Virginia Gov. Glenn Youngkin (R) vetoed similar parental rights legislation for medical cannabis patients in that state last year.

Meanwhile, introduction of the new Florida measure comes days after the filing of separate legislation in the state that would protect medical marijuana patients from discrimination in government jobs by preventing agencies from punishing public workers based solely on their legal use of cannabis while away from work.

That bill, HB 83, was introduced last Friday by Rep. Mitch Rosenwald (D). It would bar public employers from taking actions such as firing workers, refusing to hire a qualified applicant or demoting employees based on their medical marijuana use or registration. Agencies could still take disciplinary action against people who are high on the job, and law enforcement agencies could also continue to restrict even off-duty medical marijuana use by police officers.

Public employers would also need to give written notice to employees and applicants informing them of their right to explain or contest a positive marijuana test result within a five-day period after receiving the result.

Sen. Polsky, for her part, introduced a separate bill this time last year, the Public Employee Protection Act (SB 166), that would would have protected state employees against “adverse employment action” for legally using medical marijuana.

Both employee protection measures were partially inspired by the firing of a Florida Department of Corrections worker, Velez Ortiz, following a positive test for THC in 2021. Ortiz, who had a doctor’s recommendation to use cannabis to treat post-traumatic stress disorder, sued over the firing, but a state appeals court ultimately upheld his termination. Early last year, Florida’s Supreme Court declined to review the case.

In a separate case, a state judge sided last month with a paramedic and medical marijuana patient who was suspended by a county fire and rescue department in 2019 over a positive cannabis test.

The court ruled that the county cannot discriminate against workers with medical marijuana cards who test positive for the drug and must provide reasonable accommodations—so long as there’s no evidence that the employee was high at work or consumed the cannabis on county property or in a county vehicle.
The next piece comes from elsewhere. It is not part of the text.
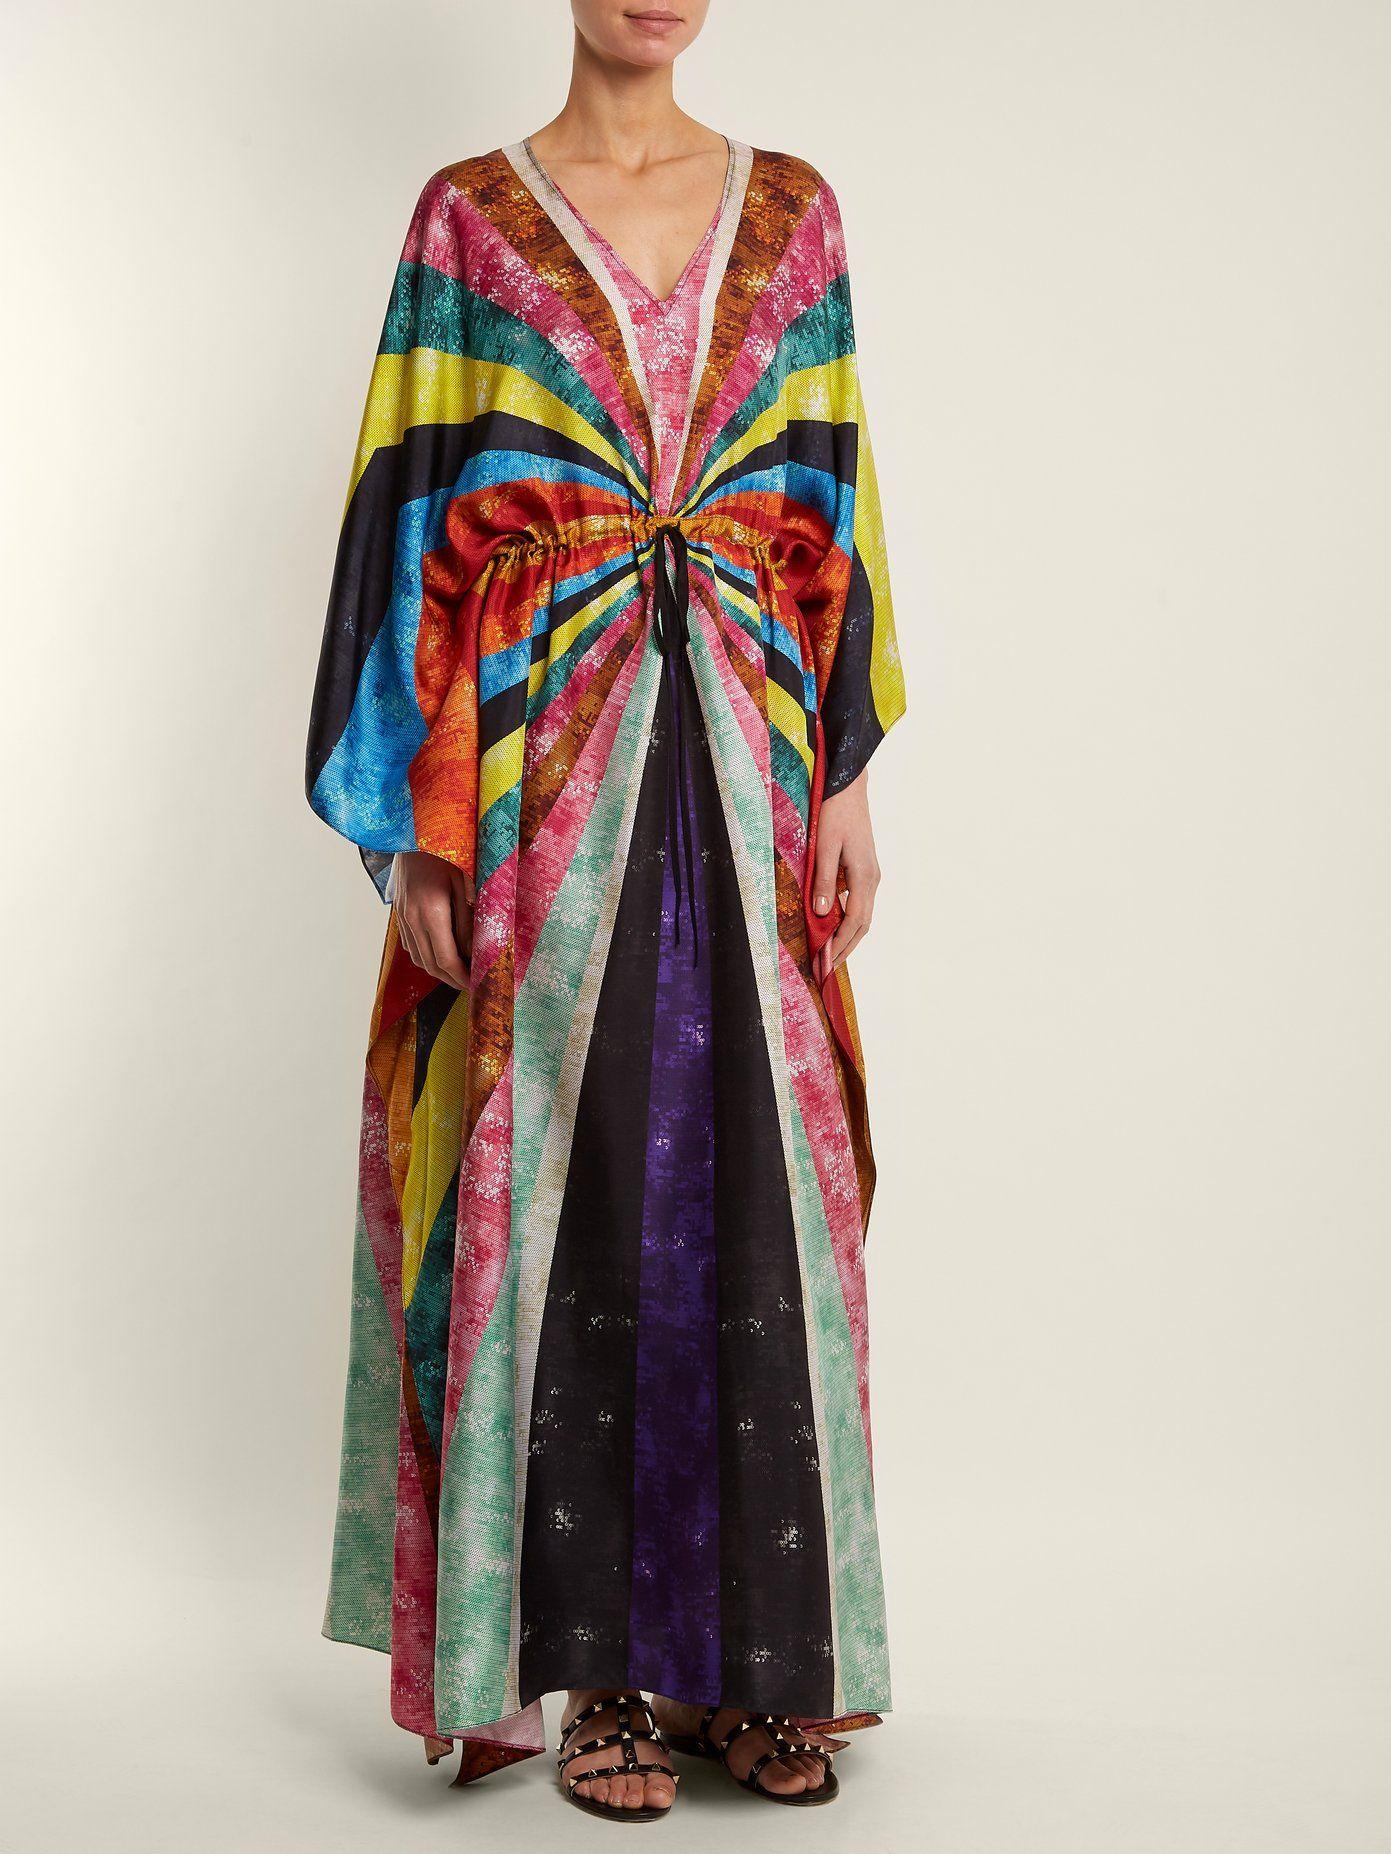 Discount High Quality Asso silk kaftan Mary Katrantzou Free Shipping Finishline Outlet Latest Sale Shop Offer 1JISTP

Judge Melissa Polo wrote in the decision that the “undisputed facts” of the case established that the paramedic had anxiety and a sleep disorder that “significantly impacts his day-to-day life when unmedicated.” The definition of disability in the Florida Civil Rights Act, she added, includes both physical and mental ailments, and Florida’s 2016 constitutional amendment legalizing medical marijuana states that “qualified” patients are allowed to use medical marijuana away from work and that employers are required to make accommodations.